Thanks to the assumptions on the $\mu_{t_1,...,t_n}$ ‘s, it is seen that such a $\mu$ is well defined and satisfies:

$\mu \left( \mathcal{A}( \mathbb{R}_{\ge 0}, \mathbb{R}) \right)=1.$

The set $\mathcal{A}$ of all the possible cylinders $\mathcal{C}_{t_1,...,t_n} (B)$ satisfies the assumption of Caratheodory’s theorem. Therefore, in order to conclude, we have to show that $\mu$ is $\sigma$ -additive, that is, if $\left( C_n \right)_{n \in \mathbb{N}}$ is a sequence of pairwise disjoint cylinders and if $C=\cup_{n \in \mathbb{N}} C_n$ is a cylinder then

$\mu \left( C \right)=\sum_{n=0}^{+\infty} \mu (C_n).$

This is the difficult part of the theorem. Since for $N\in \mathbb{N}$ ,

$\mu (C)=\mu \left( C \backslash \cup_{n =0}^N C_n \right)+\mu \left( \cup_{n =0}^N C_n \right),$

we just have to show that

$\lim_{N \rightarrow + \infty} \mu \left( D_N \right)=0.$

where $D_N=C \backslash \cup_{n =0}^N C_n$ .

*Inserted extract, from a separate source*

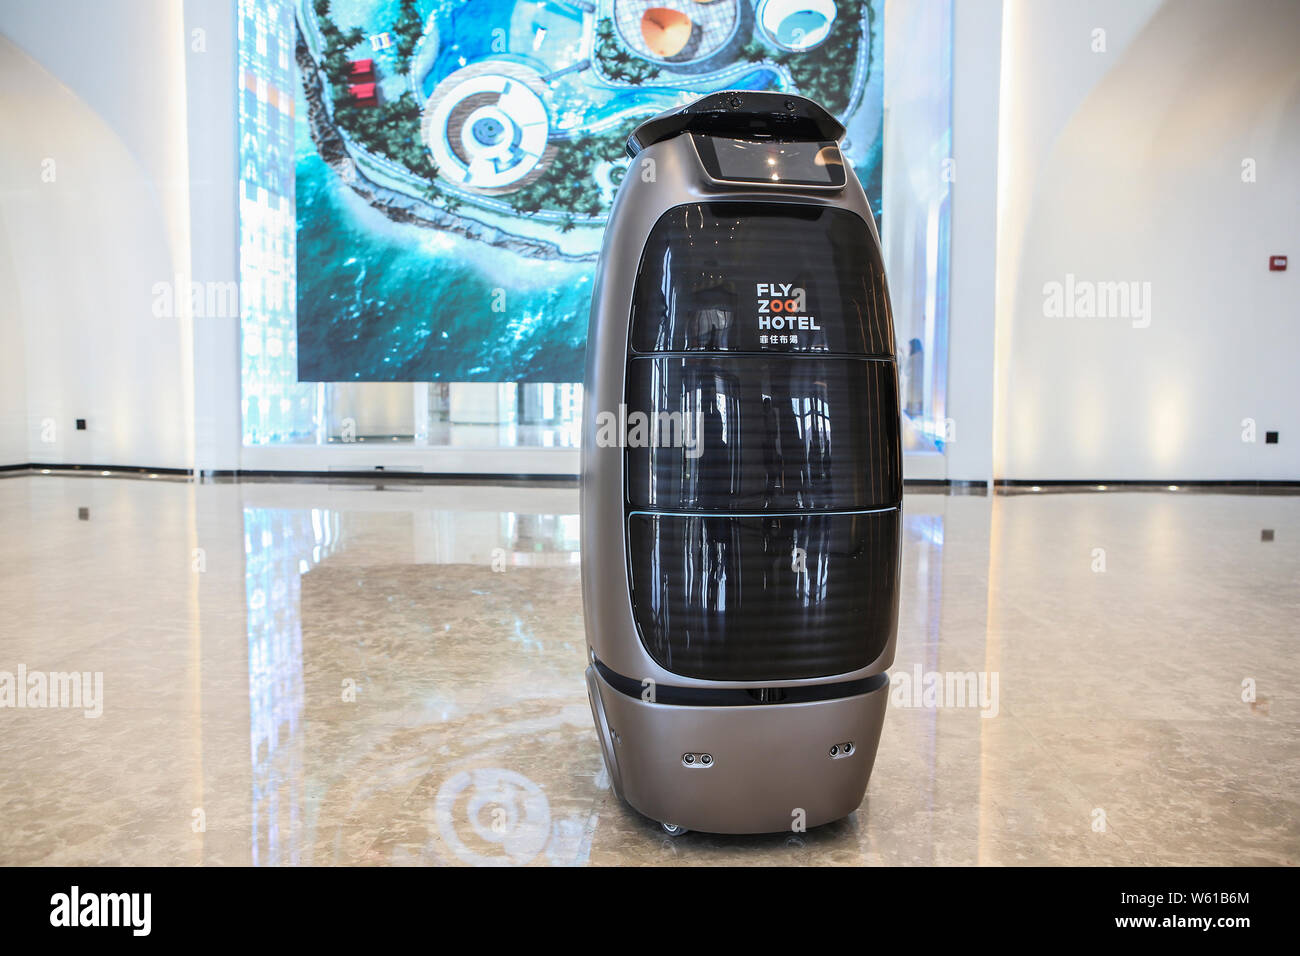 Un robot intelligent sert à l'avenir d'Alibaba Hotel - Fly Zoo d'e-commerce  chinois Alibaba Group géant à Hangzhou, ville de la Chine est Zheji Photo  Stock - Alamy

The sequence $(\mu(D_N))_{N\in \mathbb{N}}$ is positive decreasing and therefore converges. Let assume that it converges toward $\varepsilon >0$ . We shall prove that in that case

$\cap_{N \in \mathbb{N}} D_N \neq \emptyset,$

which is clearly absurd.

Since $D_N$ is a cylinder, the event $\cup_{N \in \mathbb{N}} D_N$ only involves a coutable sequence of times $t_1<...<t_n<...$ and we may assume (otherwise we can add convenient other sets in the sequence of the $D_N$ 's) that every $D_N$ can be described as follows

$D_N =\{ f \in \mathcal{A} (\mathbb{R}_{\ge 0},\mathbb{R}), (f(t_1),...,f(t_N)) \in B_N \}$

where $B_n \subset \mathbb{R}^n$ , $n \in \mathbb{N}$ , is a sequence of Borel sets such that

$B_{n+1} \subset B_n \times \mathbb{R}.$

Since we assumed $\mu (D_N) \ge \varepsilon$ , we can use the previous lemma to construct a sequence of compact sets $K_n \subset \mathbb{R}^n$ , $n \in \mathbb{N}$ , such that:

$K_n \subset B_n$
$K_{n+1} \subset K_n \times \mathbb{R}$
$\mu_{t_1,...,t_n} (K_n) \ge \frac{\varepsilon}{2}$

Since $K_n$ is non-empty, we pick $(x_1^n,...,x_n^n) \in K_n.$

The sequence $(x_1^n)_{n\in \mathbb{N}}$ has a convergent subsequence $(x_1^{j_1(n)})_{n\in \mathbb{N}}$ that converges toward $x_1 \in K_1$ . The sequence $((x_1^{j_1(n)},x_2^{j_1 (n)})_{n\in \mathbb{N}}$ has a convergent subsequence that converges toward $(x_1,x_2) \in K_2$ . By pursuing this process, we obtain a sequence $(x_n)_{n \in \mathbb{N}}$ such that for every $n$ , $(x_1,...,x_n) \in K_n.$

The event

$\{ f \in \mathcal{A} (\mathbb{R}_+,\mathbb{R}), (f(t_1),...,f(t_N)) =(x_1,...,x_N) \}$

is in $D_N$ , this leads to the expected contradiction. Therefore, the sequence $(\mu(D_N))_{N\in \mathbb{N}}$ converges toward $0$ , which implies the $\sigma$ -additivity of $\mu$ $\square$

As it has been stressed, the Daniell-Kolmogorov theorem is the basic tool to prove the existence of a stochastic process with given finite dimensional distributions. As an example, let us illustrate how it may be used to prove the existence of the so-called Gaussian processes.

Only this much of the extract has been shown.